Shadow deployments have a data governance surface. Because live production requests are copied to the mirrored service, any sensitive data in those requests reaches the shadow system. In regulated environments -- healthcare, finance, legal -- the shadow path must obey the same privacy, retention, and access controls as primary production.
Feature flags connect experimentation to observability. Datadog's feature-flag tracking attaches flag evaluation data to Real User Monitoring telemetry. That means you can see which users saw which variant and whether the variant correlated with performance regressions, errors, or experience degradation. When something goes wrong, you can filter by variant to determine whether the experiment caused it.
Common Mistake
Using the wrong method for the question.
Shadow deployment to answer "do users prefer this?" -- no, shadows don't expose users to outputs. A/B test to answer "can the system handle production traffic?" -- unnecessarily risky, users see outputs from an unvalidated system.

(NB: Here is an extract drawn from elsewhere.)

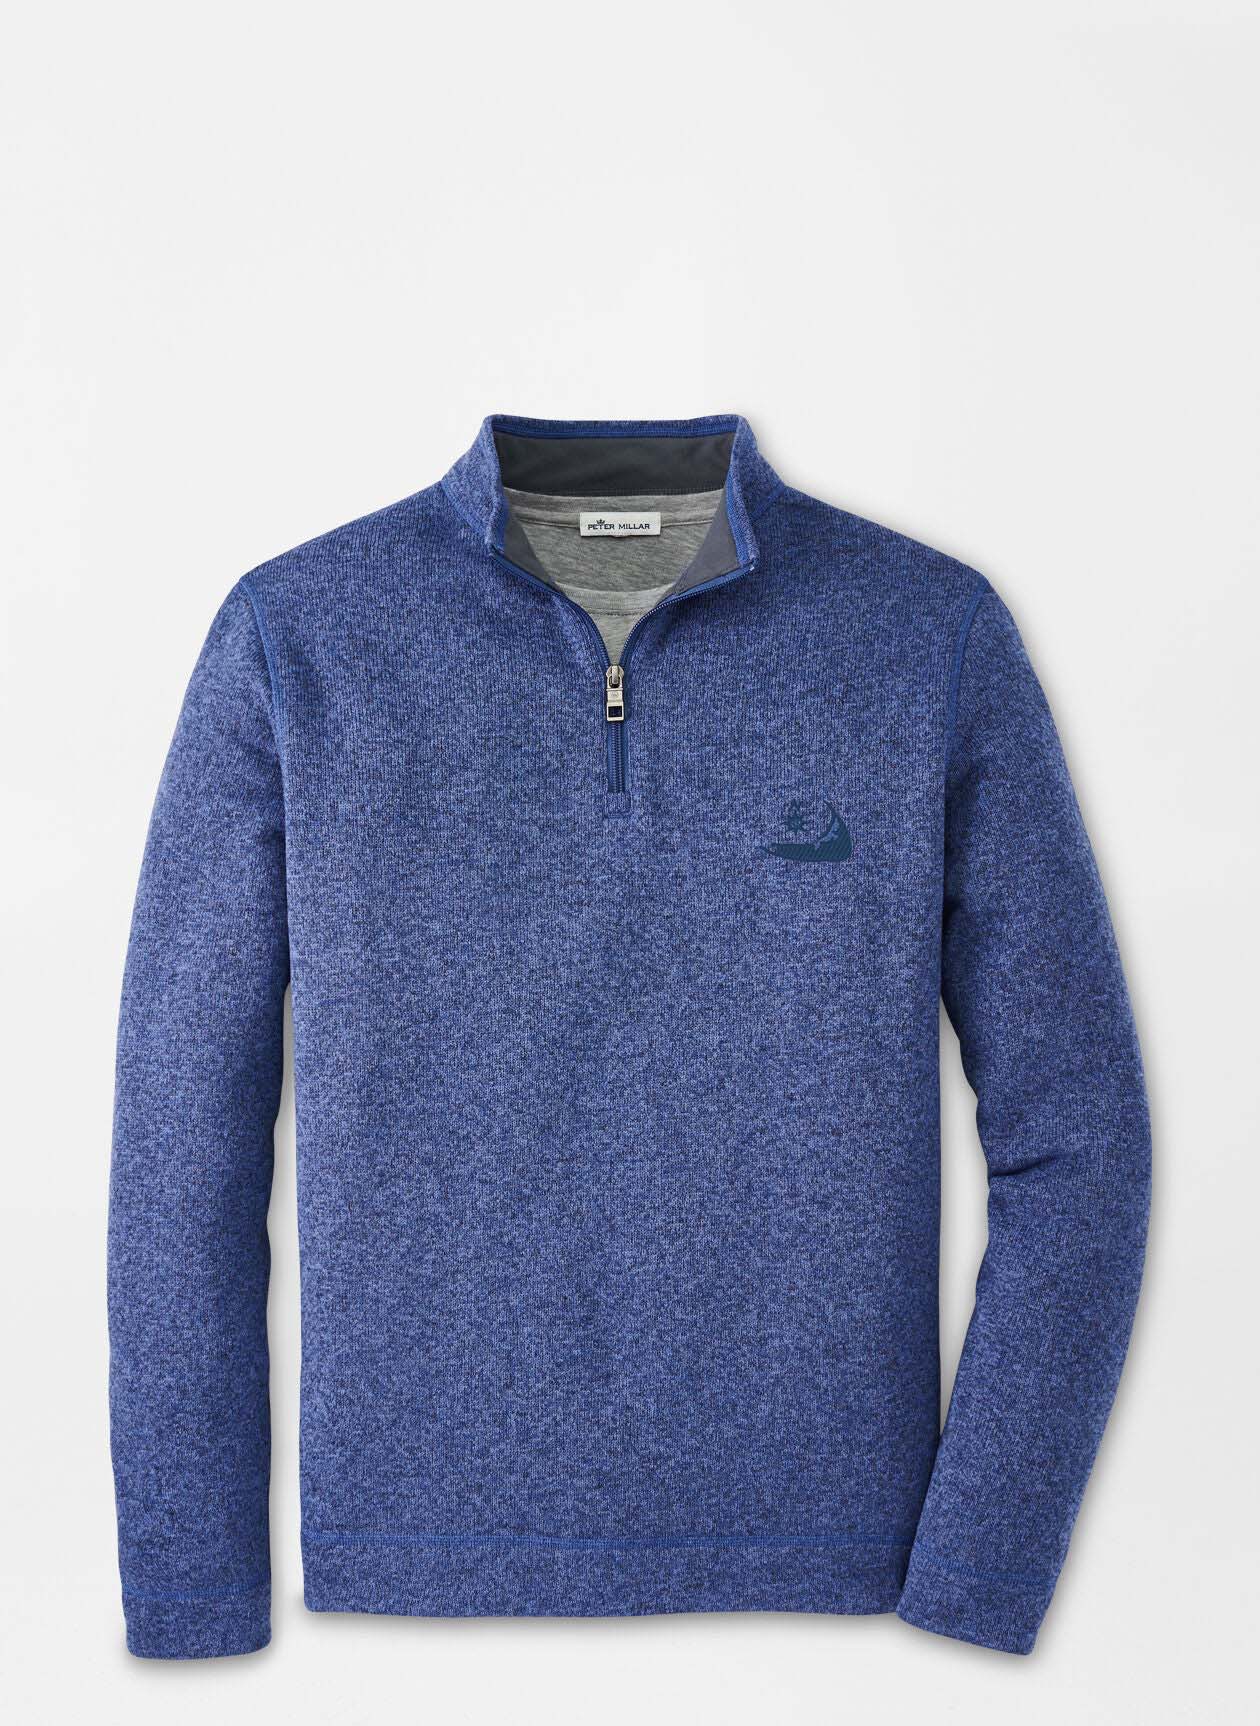 Peter Millar Crown Sweater Fleece Quarter-Zip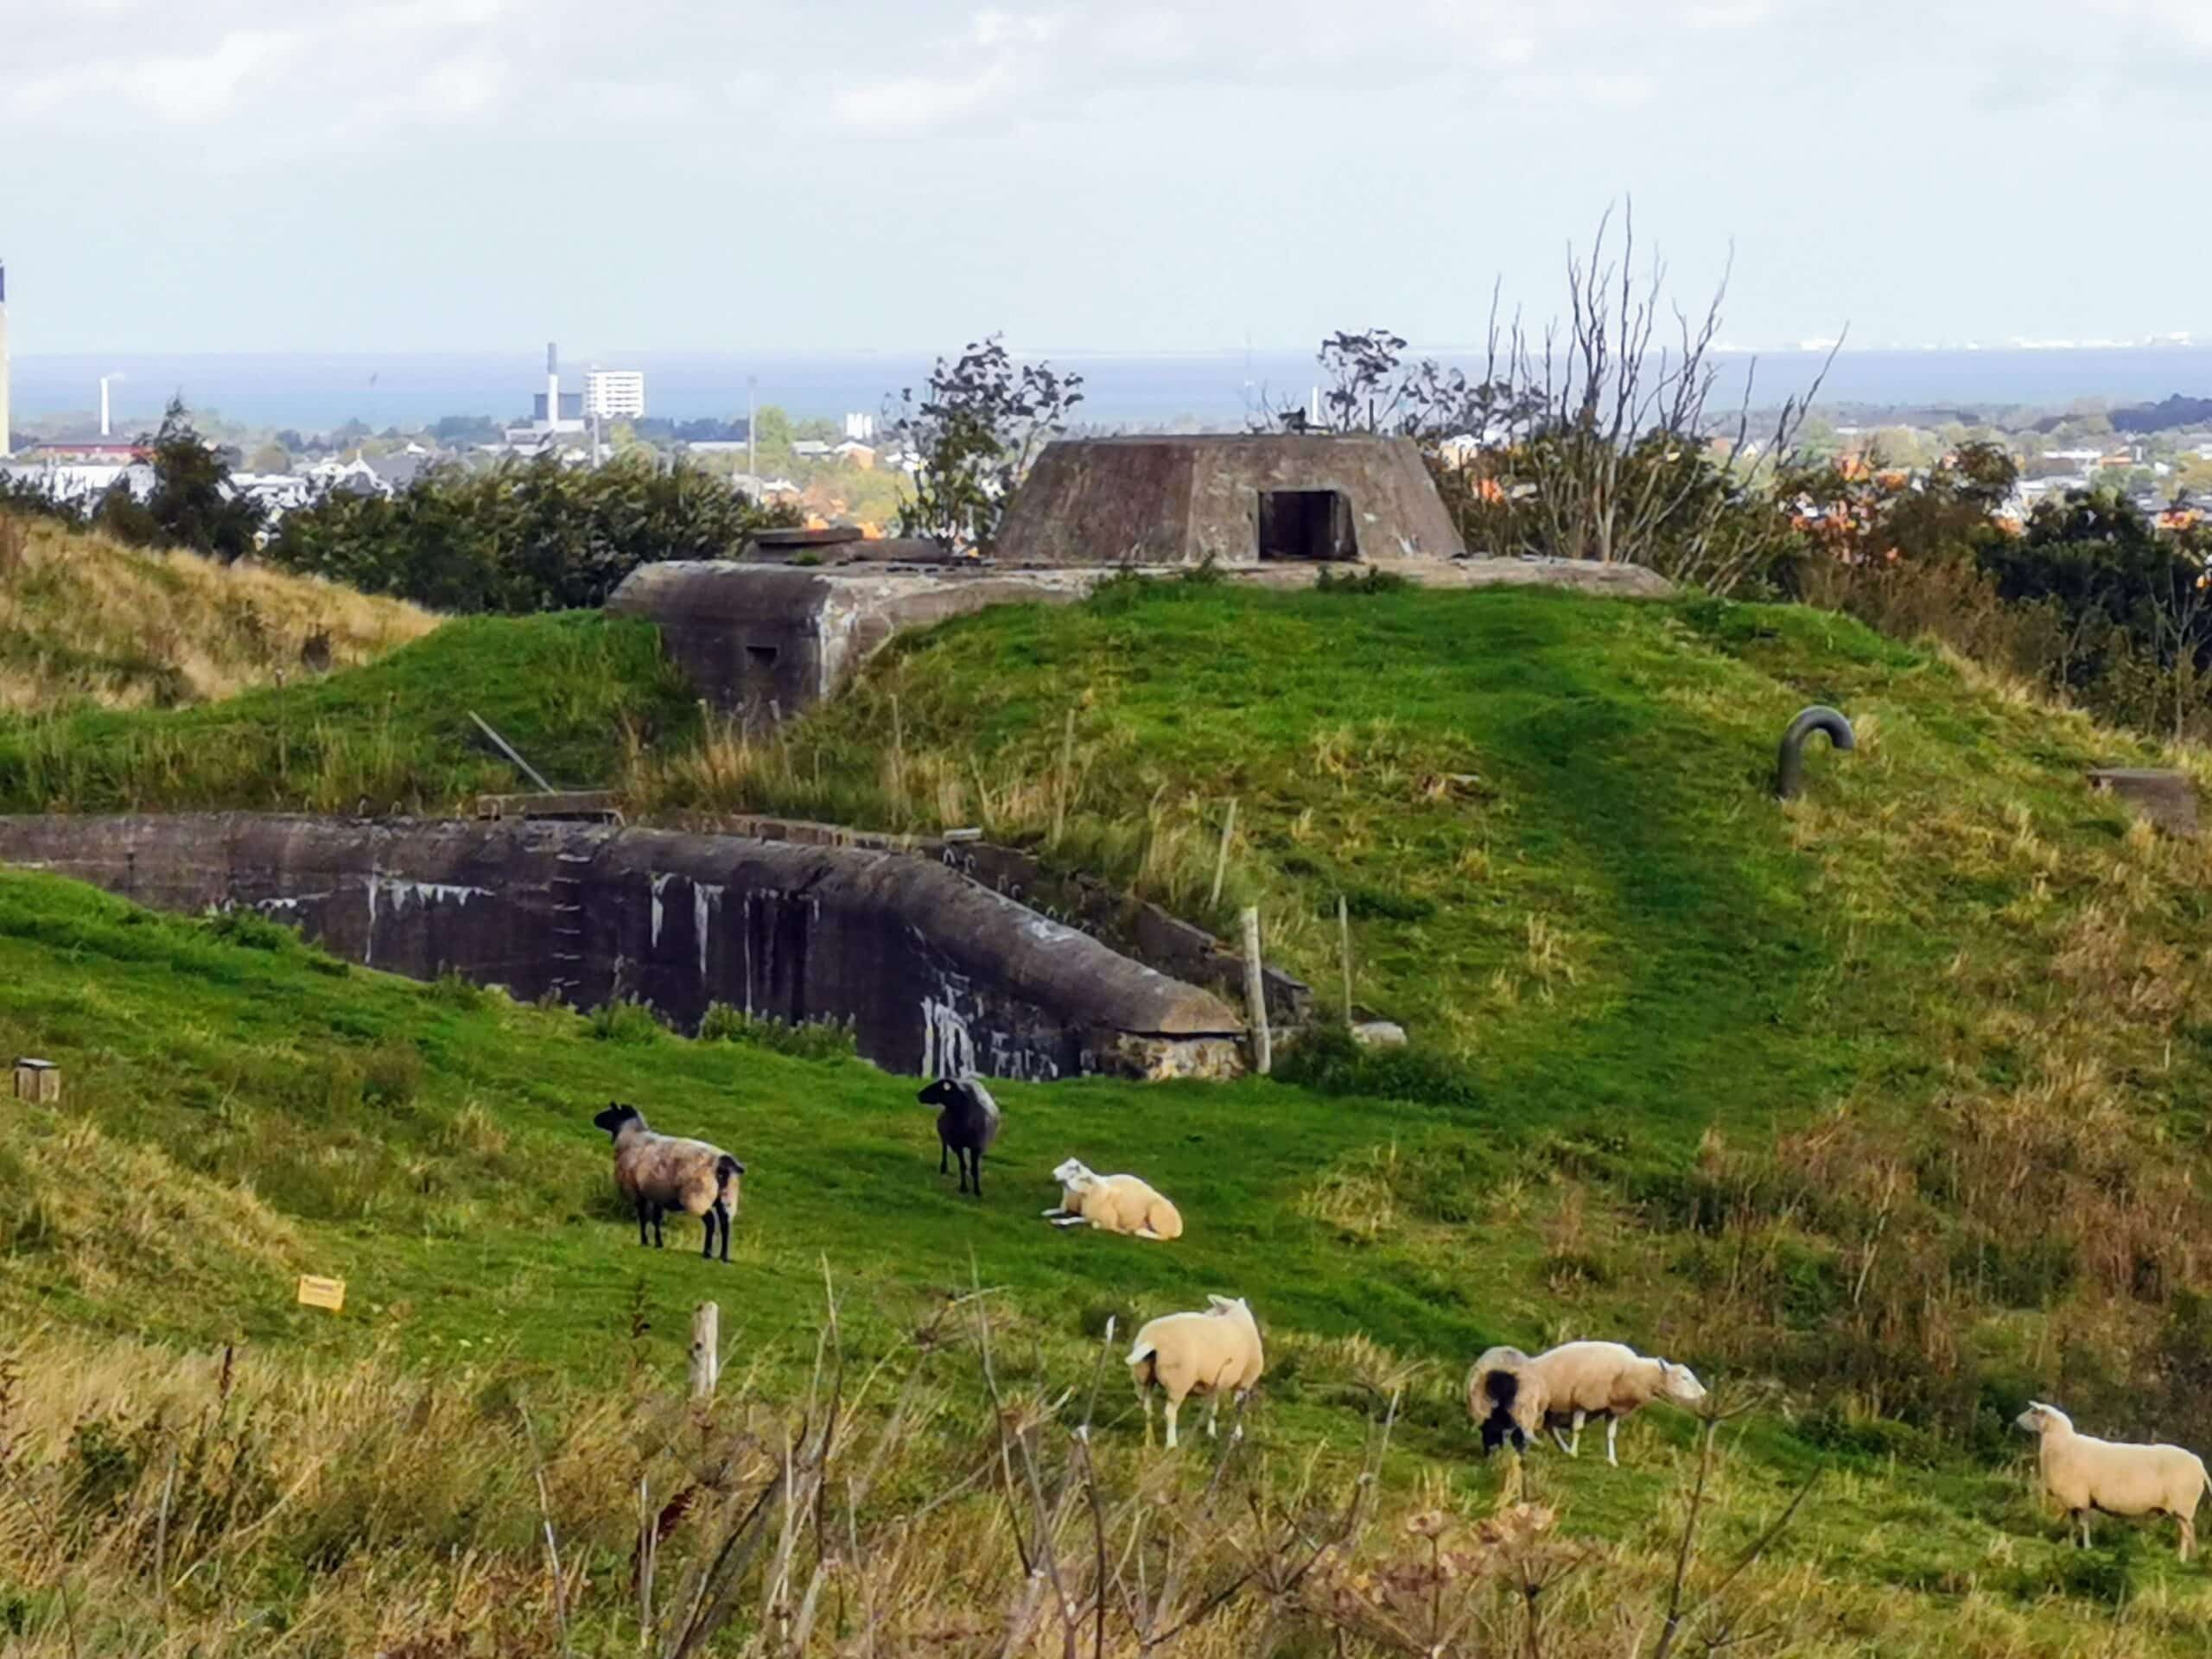 Schafe grasen auf einem grasbewachsenen Hügel neben einer Festung.

The mature pattern is sequence: shadow for survivability, canary for progressive safety, A/B for causal impact. Each method has a job. Asking it to do someone else's job produces either unnecessary risk or meaningless data.
An experiment with a confident result and broken plumbing is worse than no experiment at all.The Traps
Trap 1: Invalid experiment infrastructure. The experiment runs, produces a confident result, and the team ships the winner. But the experiment was broken from the start. LaunchDarkly's health checks look for five specific failures: exposure mismatches, SRM, randomization-unit conflicts, missing metric events, and targeting-rule mismatches. An experiment with any of these problems is not producing valid results. It's producing confident noise.
The fix isn't statistical sophistication -- it's plumbing hygiene. Before interpreting any result, check the health indicators. Before running any experiment, validate that the randomization unit matches your product's natural boundary, that the SDK is evaluating flags correctly, and that metric events are flowing from all variants equally.
Trap 2: Offline eval as permanent substitute. The team has a strong offline eval suite. It's well-curated, regularly updated, and includes production traces. They use it as the sole validation method for every change. This works until a change affects something the offline eval doesn't measure: latency perception, session-level behavior, user trust, or the interaction between two changes that were evaluated independently. Offline evals are the wind tunnel. They're essential and insufficient. The road test still happens.
Any single failure invalidates the experiment.
A confident result from a broken experiment is worse than no experiment at all.Remember This
Three methods, three questions. Shadow deployment: can the system survive real traffic? Canary analysis: does it hold up as exposure increases? A/B experiment: did the change improve outcomes for users? These are a sequence -- offline, shadow, canary, A/B -- not a menu where you pick one.
The randomization unit is the most important design decision in production experimentation. Get it wrong and the experiment is invalid before it starts. For B2B products, randomize by organization, not by user.
An experiment with a confident result and broken plumbing is worse than no experiment. Check the health indicators -- SRM, exposure balance, metric completeness -- before interpreting any result.
Offline evals are the wind tunnel. Production experiments are the road test. The wind tunnel is essential. The car still has to drive in the rain.